As tramas sobre medos invisíveis não surgiram com o terror contemporâneo, é claro. Suspiria (1977), um dos maiores clássicos da história do cinema, concebe um ataque sem rosto nem corpo. Em contraplano, o espectador observa bailarinas gritando diante de alguma aparição muito assustadora, antes de aparecerem mortas. O perigo deve ser imaginado pelo espectador, ou seríamos nós os monstros para quem elas olham? O voyeurismo do público ao espiar garotas jovens dentro de seus quartos pode ser interpretado como o verdadeiro motivo da morte das dançarinas. A famosa cena da banheira de Psicose (1960) surpreendeu na época por ocultar qualquer contato entre a faca do assassino e o corpo de Janet Leigh. Temos apenas uma mão erguida no ar, segurando a arma, e um corpo aterrorizado, gritando contra o azulejo do banheiro – cabe ao espectador juntar A + B e imaginar uma penetração proibida pelos censores da época. Espertamente, Alfred Hitchcock deixa ao público a tarefa de materializar a lâmina rasgando o corpo nu: o diretor nos oferece a faca para concluirmos a morte por nós mesmos.
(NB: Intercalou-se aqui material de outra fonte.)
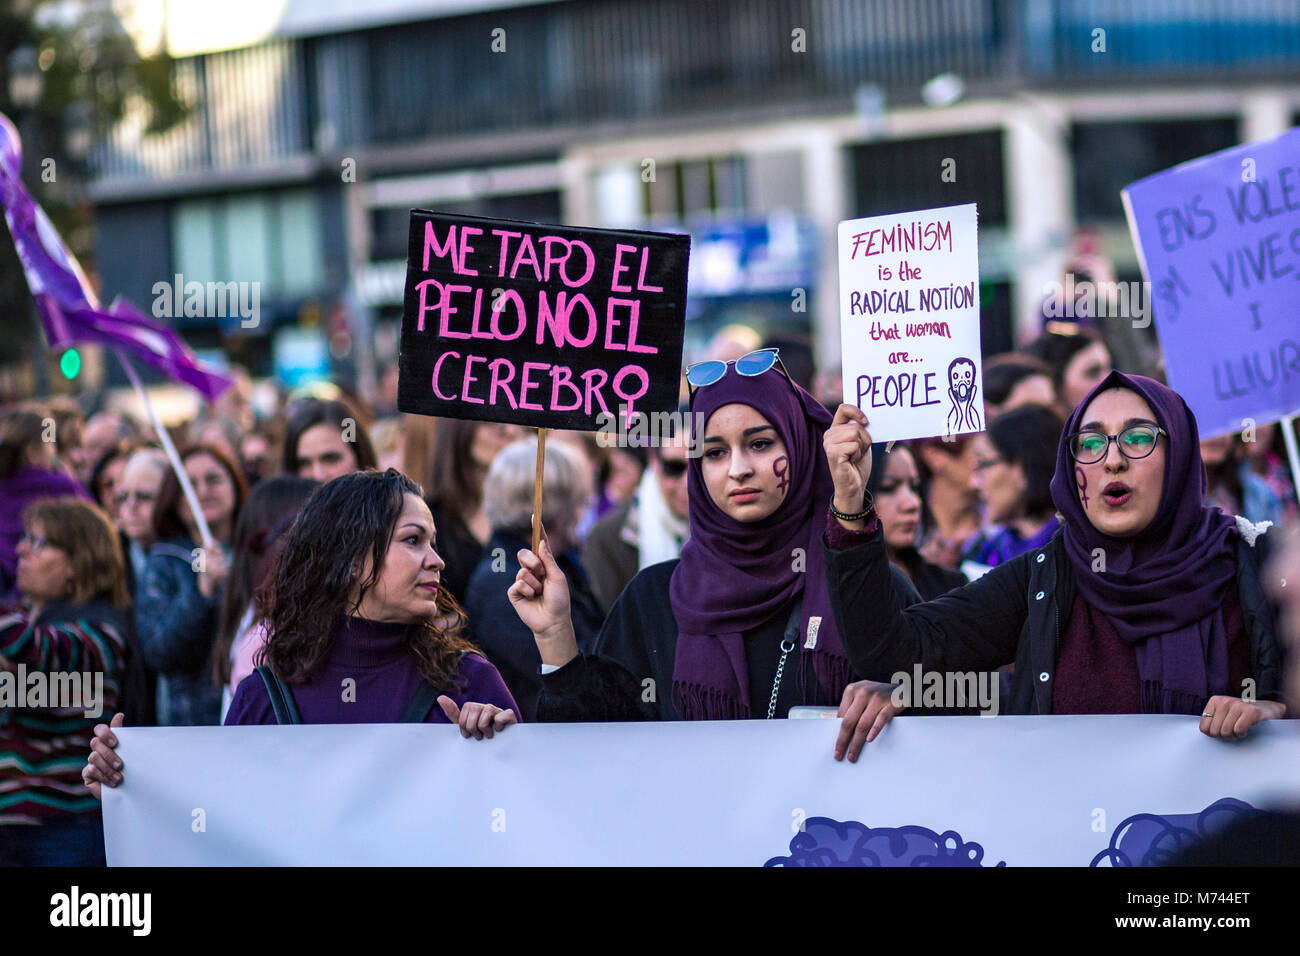 Valencai, Spanien. 8. März feministische Streik in Spanien Anspruch auf gleiche Bezahlung und gleiche Rechte für Frauen und Männer - Pro Feminismus Bewegung in Spanien für einen Generalstreik aufgerufen, keine Arbeit, kein Shop, keine Familie, für alle Arbeitnehmerinnen. "Wenn wir aufhören, die Welt nicht mehr" ist das Motto, Hommage an Island Frauen Streik 1975 erreicht 9 von 10 Frauen im Land zu stoppen. - Zeichen' ich mein Haar, nicht mein Gehirn" - Frauen an der Demonstration in Valencia mit Hijab als Zeichen für die Aufnahme von muslimischen Frauen Credit: Santiago vidal Vallejo/Alamy leben Nachrichten Stockfoto

Alguns espectadores valorizam o cinema pelo que ele tem a mostrar, e outros, pelo que tem a esconder. O terror permite que o espectador se confronte ao medo da morte, e também à vontade de experimentar a sensação de retirar a vida de alguém. Nenhum inimigo será tão potente quanto aquele imaginado pelo interlocutor, criado sob medida para as suas maiores fobias. Compreende-se que o tubarão demore tanto a aparecer na produção de Spielberg; o alienígena viva nas sombras durante a quase integralidade do filme de Scott, e Godzilla se esconda por trás de ruídos na bem-sucedida refilmagem americana. Cada espectador carrega seus próprios monstros, e ao invés de oferecer novos, os bons cineastas sabem utilizar a linguagem audiovisual enquanto ferramenta de projeção, expurgo ou retorno do recalcado. Por que frequentar uma sessão onde se descobre um único adversário, quando os sons, passos e símbolos podem sugerir inúmeros adversários diferentes? Ao invés de descobrirmos um fantasma, podemos nos virar para o corredor e perceber que ele não está mais ali.